- **Records to use**:
Content starts

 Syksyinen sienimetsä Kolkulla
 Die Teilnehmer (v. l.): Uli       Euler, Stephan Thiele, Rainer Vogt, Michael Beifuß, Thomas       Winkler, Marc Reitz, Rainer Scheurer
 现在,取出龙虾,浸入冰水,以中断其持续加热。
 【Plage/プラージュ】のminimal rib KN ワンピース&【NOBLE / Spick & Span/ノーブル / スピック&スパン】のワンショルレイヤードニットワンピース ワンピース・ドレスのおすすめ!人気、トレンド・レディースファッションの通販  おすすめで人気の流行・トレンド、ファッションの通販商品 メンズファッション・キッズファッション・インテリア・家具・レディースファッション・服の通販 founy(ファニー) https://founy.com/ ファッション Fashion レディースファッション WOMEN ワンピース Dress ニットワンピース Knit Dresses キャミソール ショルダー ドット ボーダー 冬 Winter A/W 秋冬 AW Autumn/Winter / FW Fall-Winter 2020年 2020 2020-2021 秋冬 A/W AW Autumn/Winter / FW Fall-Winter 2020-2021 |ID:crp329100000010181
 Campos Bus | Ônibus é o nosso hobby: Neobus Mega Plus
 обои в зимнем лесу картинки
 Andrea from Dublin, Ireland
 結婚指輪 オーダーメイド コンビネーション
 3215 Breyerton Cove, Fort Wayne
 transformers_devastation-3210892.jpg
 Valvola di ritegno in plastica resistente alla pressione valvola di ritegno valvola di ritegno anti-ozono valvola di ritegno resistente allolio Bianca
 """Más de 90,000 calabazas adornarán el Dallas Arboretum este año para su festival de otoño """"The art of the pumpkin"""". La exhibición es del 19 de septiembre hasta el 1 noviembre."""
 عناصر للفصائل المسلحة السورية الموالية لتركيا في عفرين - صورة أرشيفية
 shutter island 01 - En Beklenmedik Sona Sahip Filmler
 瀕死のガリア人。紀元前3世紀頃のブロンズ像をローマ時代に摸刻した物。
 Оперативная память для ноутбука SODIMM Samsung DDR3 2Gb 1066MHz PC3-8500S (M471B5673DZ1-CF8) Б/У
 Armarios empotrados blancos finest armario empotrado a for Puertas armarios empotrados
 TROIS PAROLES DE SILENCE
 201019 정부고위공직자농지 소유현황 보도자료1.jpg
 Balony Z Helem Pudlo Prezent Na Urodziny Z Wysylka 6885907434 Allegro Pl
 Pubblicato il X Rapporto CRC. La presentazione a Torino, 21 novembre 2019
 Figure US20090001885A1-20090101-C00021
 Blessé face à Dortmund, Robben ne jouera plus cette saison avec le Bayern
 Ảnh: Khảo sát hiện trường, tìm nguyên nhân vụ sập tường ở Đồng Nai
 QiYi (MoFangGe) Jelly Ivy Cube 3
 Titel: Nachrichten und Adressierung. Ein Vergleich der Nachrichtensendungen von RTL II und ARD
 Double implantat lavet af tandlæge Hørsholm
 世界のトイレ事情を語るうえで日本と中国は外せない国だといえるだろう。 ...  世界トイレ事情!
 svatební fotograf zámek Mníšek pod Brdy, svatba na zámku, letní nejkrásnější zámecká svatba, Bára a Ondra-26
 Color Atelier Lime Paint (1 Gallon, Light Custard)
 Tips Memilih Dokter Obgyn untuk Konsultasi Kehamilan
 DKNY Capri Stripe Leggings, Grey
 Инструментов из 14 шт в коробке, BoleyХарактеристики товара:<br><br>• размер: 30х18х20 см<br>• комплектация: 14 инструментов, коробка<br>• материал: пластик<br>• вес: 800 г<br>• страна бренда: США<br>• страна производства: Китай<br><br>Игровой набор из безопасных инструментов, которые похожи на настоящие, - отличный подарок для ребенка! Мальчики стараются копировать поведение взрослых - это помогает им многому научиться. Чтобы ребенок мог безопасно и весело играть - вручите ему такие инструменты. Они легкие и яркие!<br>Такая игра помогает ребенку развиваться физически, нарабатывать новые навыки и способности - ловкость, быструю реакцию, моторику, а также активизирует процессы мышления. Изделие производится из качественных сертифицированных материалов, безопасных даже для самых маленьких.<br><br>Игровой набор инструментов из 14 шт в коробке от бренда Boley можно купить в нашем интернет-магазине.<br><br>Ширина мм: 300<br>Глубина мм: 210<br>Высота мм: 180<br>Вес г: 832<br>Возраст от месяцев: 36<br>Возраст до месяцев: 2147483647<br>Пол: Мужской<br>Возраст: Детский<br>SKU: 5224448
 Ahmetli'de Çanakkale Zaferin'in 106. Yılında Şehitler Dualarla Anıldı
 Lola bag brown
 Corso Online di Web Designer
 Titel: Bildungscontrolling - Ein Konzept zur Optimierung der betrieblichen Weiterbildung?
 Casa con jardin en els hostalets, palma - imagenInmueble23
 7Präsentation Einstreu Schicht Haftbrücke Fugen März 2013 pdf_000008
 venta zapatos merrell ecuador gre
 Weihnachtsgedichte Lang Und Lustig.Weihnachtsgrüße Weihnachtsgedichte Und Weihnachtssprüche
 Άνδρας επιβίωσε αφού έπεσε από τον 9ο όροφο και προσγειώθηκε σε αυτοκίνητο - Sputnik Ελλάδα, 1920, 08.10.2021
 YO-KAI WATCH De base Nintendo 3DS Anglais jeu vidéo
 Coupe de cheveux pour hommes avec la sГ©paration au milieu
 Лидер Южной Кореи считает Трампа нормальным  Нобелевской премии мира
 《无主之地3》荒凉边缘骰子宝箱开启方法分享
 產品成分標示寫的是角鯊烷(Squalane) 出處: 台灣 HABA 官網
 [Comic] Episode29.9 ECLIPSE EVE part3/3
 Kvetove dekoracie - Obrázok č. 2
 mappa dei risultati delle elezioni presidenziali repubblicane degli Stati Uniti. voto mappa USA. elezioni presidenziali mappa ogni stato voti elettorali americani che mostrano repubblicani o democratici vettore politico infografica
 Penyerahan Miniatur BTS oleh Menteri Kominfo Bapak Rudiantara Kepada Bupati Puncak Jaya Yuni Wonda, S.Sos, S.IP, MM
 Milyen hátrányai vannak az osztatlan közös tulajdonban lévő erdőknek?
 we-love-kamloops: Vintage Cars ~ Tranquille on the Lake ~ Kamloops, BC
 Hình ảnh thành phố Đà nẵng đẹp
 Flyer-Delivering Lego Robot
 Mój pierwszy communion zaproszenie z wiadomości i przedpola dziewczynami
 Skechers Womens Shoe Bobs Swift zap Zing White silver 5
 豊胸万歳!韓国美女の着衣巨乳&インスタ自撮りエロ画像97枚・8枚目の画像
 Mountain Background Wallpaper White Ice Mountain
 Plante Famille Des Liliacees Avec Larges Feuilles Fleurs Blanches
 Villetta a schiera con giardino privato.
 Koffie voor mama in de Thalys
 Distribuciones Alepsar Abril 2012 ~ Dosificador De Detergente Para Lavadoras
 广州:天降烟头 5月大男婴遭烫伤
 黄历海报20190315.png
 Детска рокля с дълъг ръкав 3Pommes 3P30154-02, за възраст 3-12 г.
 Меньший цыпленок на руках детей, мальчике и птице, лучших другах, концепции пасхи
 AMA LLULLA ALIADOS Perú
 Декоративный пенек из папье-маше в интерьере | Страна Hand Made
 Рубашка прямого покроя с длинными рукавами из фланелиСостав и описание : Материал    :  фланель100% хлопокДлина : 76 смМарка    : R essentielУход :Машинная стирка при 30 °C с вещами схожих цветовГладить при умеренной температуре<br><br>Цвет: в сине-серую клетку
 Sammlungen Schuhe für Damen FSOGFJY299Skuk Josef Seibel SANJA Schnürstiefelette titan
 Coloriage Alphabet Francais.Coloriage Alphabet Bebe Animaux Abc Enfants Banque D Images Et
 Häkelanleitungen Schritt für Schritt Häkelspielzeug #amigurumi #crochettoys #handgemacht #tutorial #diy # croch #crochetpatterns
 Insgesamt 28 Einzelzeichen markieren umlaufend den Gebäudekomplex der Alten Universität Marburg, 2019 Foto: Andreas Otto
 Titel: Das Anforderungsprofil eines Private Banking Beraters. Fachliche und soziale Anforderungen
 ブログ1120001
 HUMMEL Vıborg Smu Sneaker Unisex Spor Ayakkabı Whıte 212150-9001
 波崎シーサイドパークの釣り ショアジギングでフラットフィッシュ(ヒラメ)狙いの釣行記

Content ends

- **What you have to do**: A word-for-word copy of the entries, from the first line through the line containing "现在,取出龙虾,浸入冰水,以中断其持续加热。", is the whole answer.

- **Finished task**:
 Syksyinen sienimetsä Kolkulla
 Die Teilnehmer (v. l.): Uli       Euler, Stephan Thiele, Rainer Vogt, Michael Beifuß, Thomas       Winkler, Marc Reitz, Rainer Scheurer
 现在,取出龙虾,浸入冰水,以中断其持续加热。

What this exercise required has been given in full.